Abstract. Empirical evidence demonstrates that lakes and reservoirs are warming across
the globe. Consequently, there is an increased need to project future
changes in lake thermal structure and resulting changes in lake
biogeochemistry in order to plan for the likely impacts. Previous studies of
the impacts of climate change on lakes have often relied on a single model
forced with limited scenario-driven projections of future climate for a
relatively small number of lakes. As a result, our understanding of the
effects of climate change on lakes is fragmentary, based on scattered
studies using different data sources and modelling protocols, and mainly
focused on individual lakes or lake regions. This has precluded
identification of the main impacts of climate change on lakes at global and
regional scales and has likely contributed to the lack of lake water quality
considerations in policy-relevant documents, such as the Assessment Reports
of the Intergovernmental Panel on Climate Change (IPCC).
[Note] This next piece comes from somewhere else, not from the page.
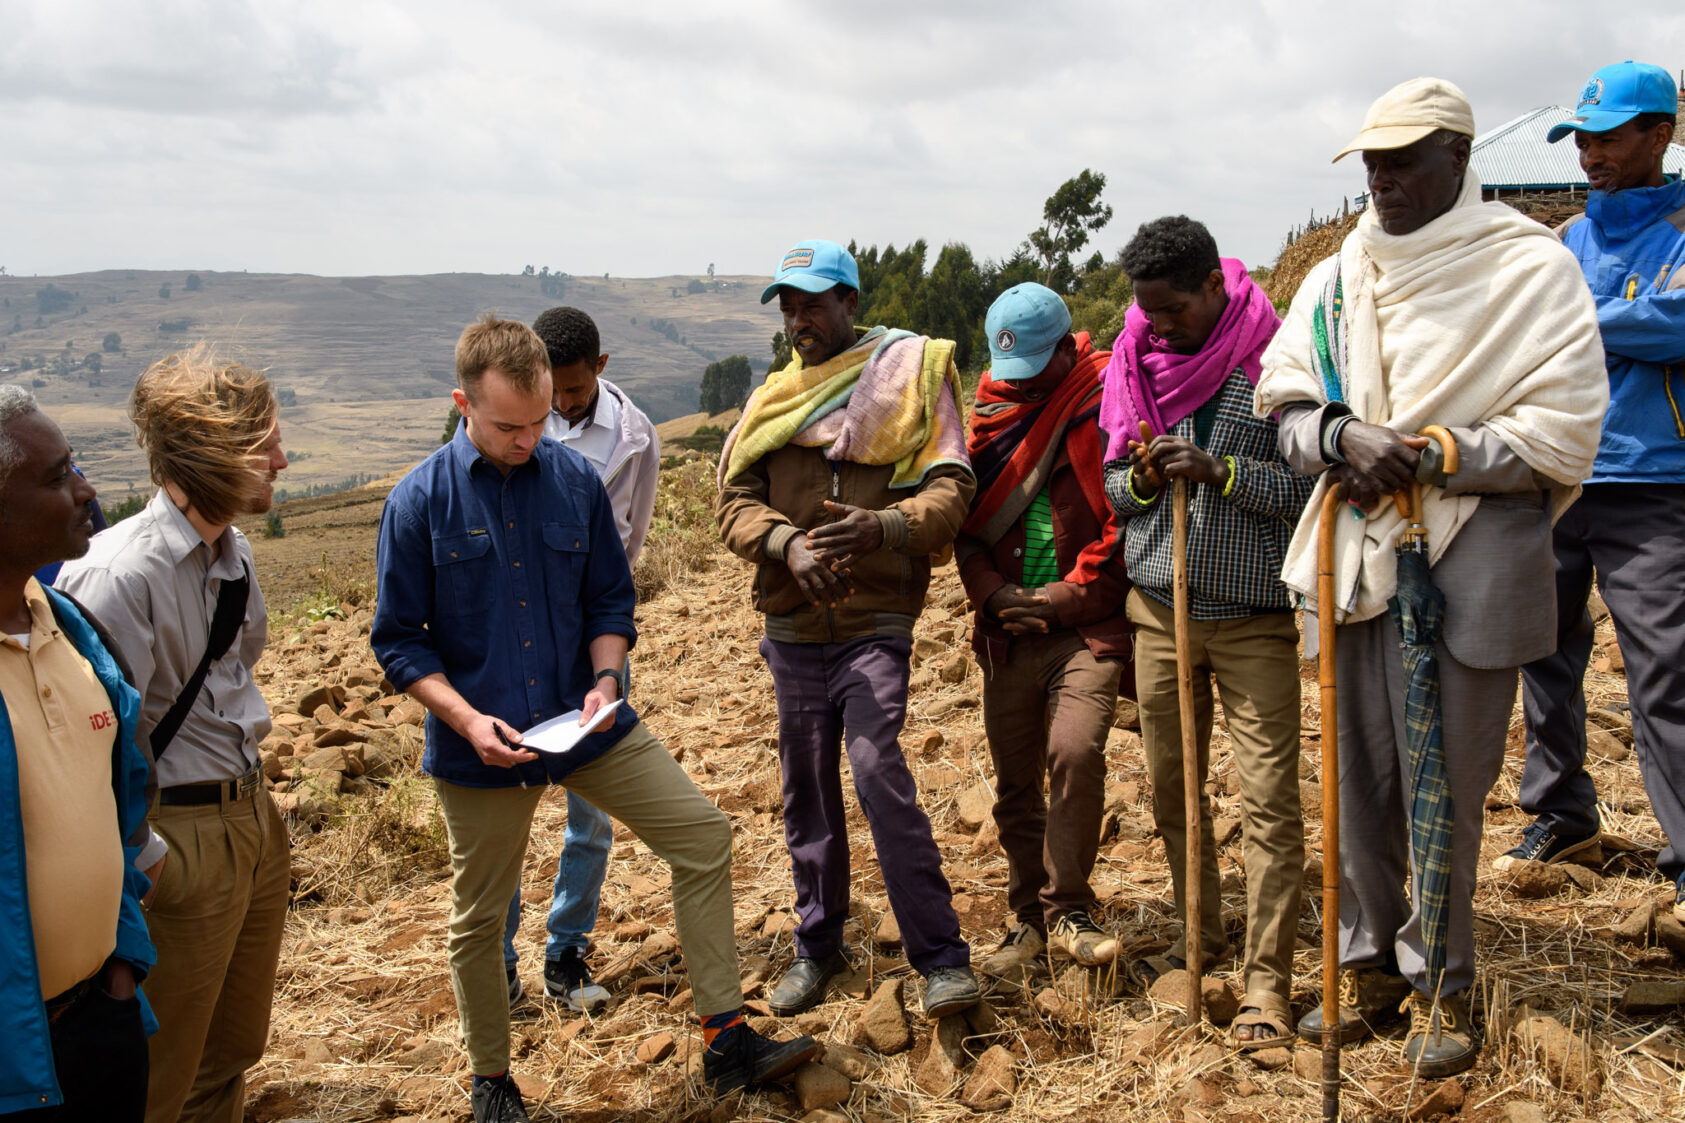 Erik Kolstad, NORCE, Community visit in Ethiopia, Ethiopia1, <p>Photo: Erik Kolstad, NORCE</p>,

Here, we describe a
simulation protocol developed by the Lake Sector of the Inter-Sectoral
Impact Model Intercomparison Project (ISIMIP) for simulating climate change
impacts on lakes using an ensemble of lake models and climate change
scenarios for ISIMIP phases 2 and 3. The protocol prescribes lake
simulations driven by climate forcing from gridded observations and
different Earth system models under various representative greenhouse gas
concentration pathways (RCPs), all consistently bias-corrected on a
0.5∘ × 0.5∘ global grid. In ISIMIP phase 2, 11 lake
models were forced with these data to project the thermal structure of 62
well-studied lakes where data were available for calibration under
historical conditions, and using uncalibrated models for 17 500 lakes
defined for all global grid cells containing lakes. In ISIMIP phase 3, this
approach was expanded to consider more lakes, more models, and more
processes. The ISIMIP Lake Sector is the largest international effort to
project future water temperature, thermal structure, and ice phenology of
lakes at local and global scales and paves the way for future simulations of
the impacts of climate change on water quality and biogeochemistry in lakes.